Überraschend reagierte die Pegida-Führung darauf: Am Freitag teilte Sprecherin Kathrin Oertel mit, dass deshalb der montägliche „Abendspaziergang“ durch eine Kundgebung am Sonntagnachmittag ersetzt werde. Man wolle sich dem Motto „offen und bunt“ nicht verschließen. Deshalb habe man sich zur Verlegung entschlossen, damit sich die Spaziergänger mit ihren Familien „dieses kostenlose kulturelle Großerlebnis nicht entgehen lassen müssen“.
Was Oertel dann am Sonntag der Menge von laut Polizei etwa 17.000 Demonstranten auf dem Theaterplatz zurief, klang wieder ganz anders. Die Organisatoren würden „mit Geld um sich werfen, um Stars nach Dresden zu holen“. Unter den 50.000, die am Montag zum Konzert kämen, würden aber auch viele Pegida-Anhänger sein. Diese Äußerung wurde wiederum mit ablehnendem Grummeln quittiert.

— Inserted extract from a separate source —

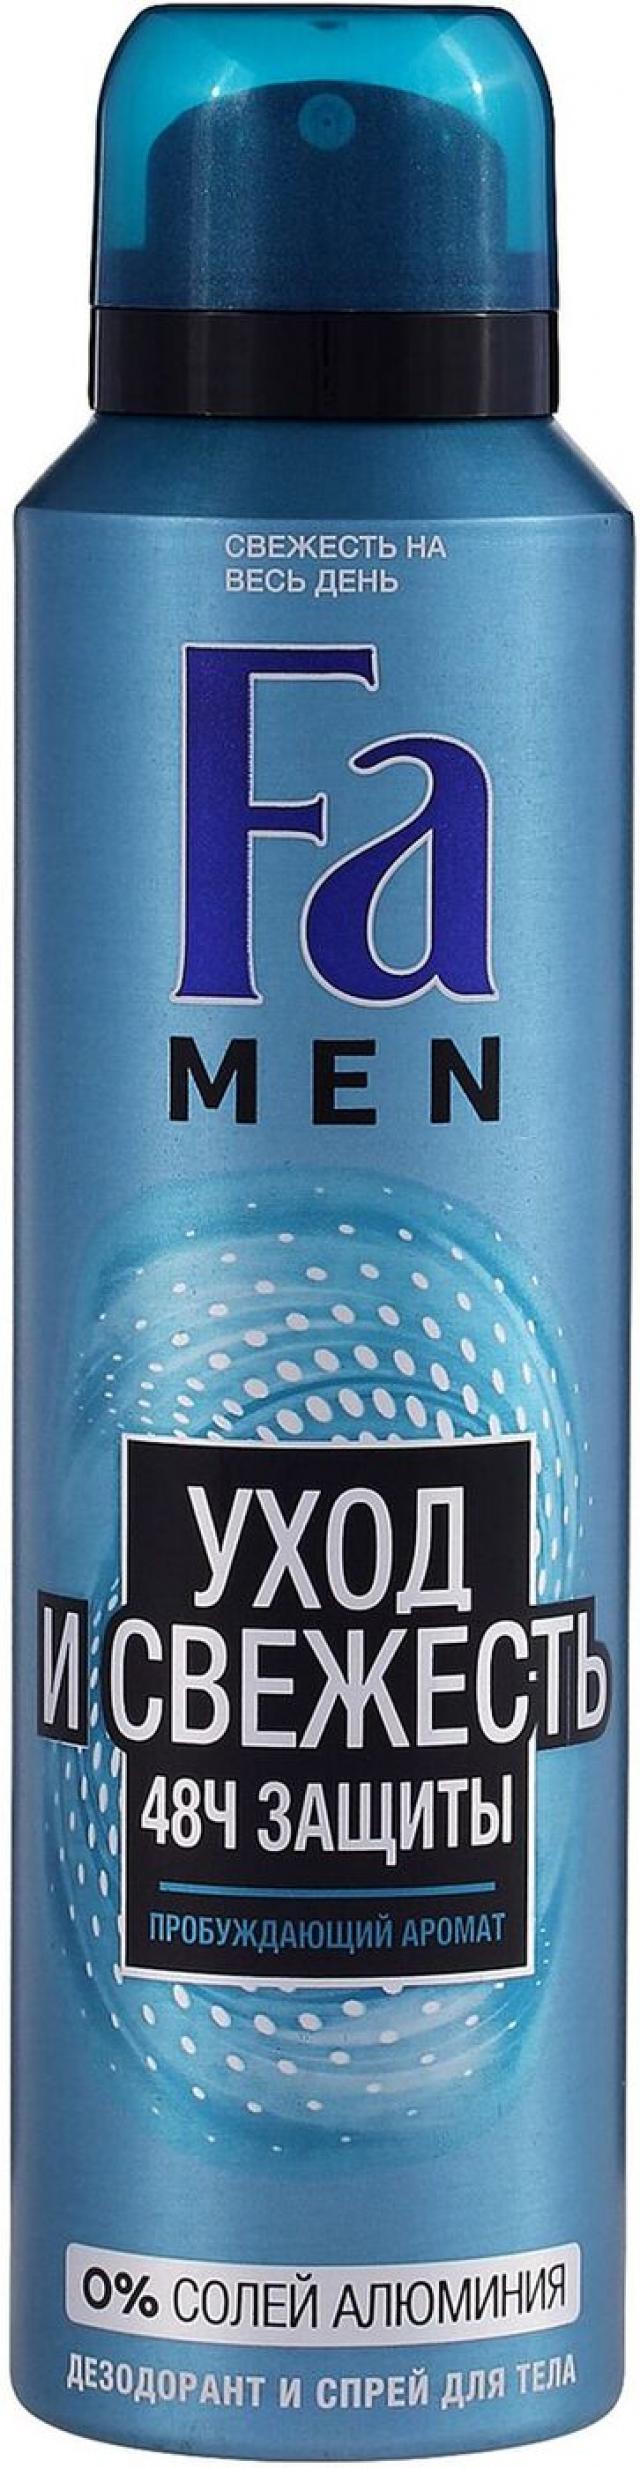 Фа Мен дезодорант-спрей Уход и свежесть 150мл купить в Москве по цене от 0 рублей

Nur wenige hundert Gegendemonstranten in Warnwesten hatten sich am Rande eingefunden. Die Pegida-Gegner mobilisieren erst Montag. Die Idee für ein großes Solidaritätskonzert entstand im Verein „Place to be“ um die Jahreswende. Der Verein betreut sonst mit persönlichen Patenschaften ausländische Arbeitnehmer, Wissenschaftler oder Studenten, die nach Dresden kommen. Mit dem festivalartigen Auftritt so vieler bekannter Künstler wolle man genau die künstlerische und kulturvolle Seite zeigen, für die Dresdens Ruf eigentlich steht, erklärte Professor Ehninger.
Der große Dialog
„Es wird Zeit, dass wir nicht nur über Pegida-Ängste, sondern auch über Ängste vor Pegida und über die der Asylbewerber reden“, hatte bereits Dieter Jaenicke geäußert, künstlerischer Leiter des Europäischen Zentrums der Künste am Festspielhaus Hellerau. Die Organisationskosten werden über Spenden finanziert.
Unterdessen vergeht in Dresden fast kein Tag, an dem nicht zum großen Dialog mit dem Volk geblasen wird. „Warum (nicht) zu Pegida gehen?“ war am Freitag zum zweiten Mal ein sogenannter Fishbowl überschrieben, der diesmal im großen Rahmen des Dresdner Stadtmuseums stattfand. Als Privatmann, wie er betonte, saß auch Vizekanzler Sigmar Gabriel (SPD) in einer der hinteren Reihen.
Aus erster Hand vernahm er Äußerungen zu Politik- und Demokratieverdrossenheit, Sympathiebekundungen für den kriminellen Ex-Pegida-Chef Bachmann, Überfremdungsängste, Zweifel am Vorrang von Freiheit gegenüber Sicherheit oder offene Ostalgie, etwa das Eingabewesen betreffend. Auch die CDU-Bundestagsabgeordnete Vera Lengsfeld zeigte viel Pegida-Verständnis und bedauerte, dass die CDU „den Platz rechts geräumt hat“. Gabriel differenzierte anschließend zwischen Pegida-Organisatoren und besorgten Demonstranten.
„Patriotische Europäer gegen die Amerikanisierung des Abendlandes“ nennt sich ein neues Kind von Pegida, das erstmals am Samstag in Erfurt etwa 1.000 Anhänger mobilisierte. „Pegada“ ist nach Medienrecherchen stark rechts beeinflusst und wendet sich gegen die „Terrormacht“ USA.
In Freiburg fand mit etwa 20.000 Teilnehmern die größte Anti-Pegida-Kundgebung dieses Wochenendes statt. Kritisiert wurde dort nicht nur Pegida, sondern auch die Abschiebepolitik der grün-roten baden-württembergischen Landesregierung. „Man muss kein Jurist sein, um zu wissen, dass es falsch ist, im Winter eine Roma-Frau mit ihren sechs Kindern in eine ungewisse Zukunft abzuschieben“, sagte Freiburgs grüner OB Dieter Salomon und forderte einen Winterabschiebestopp.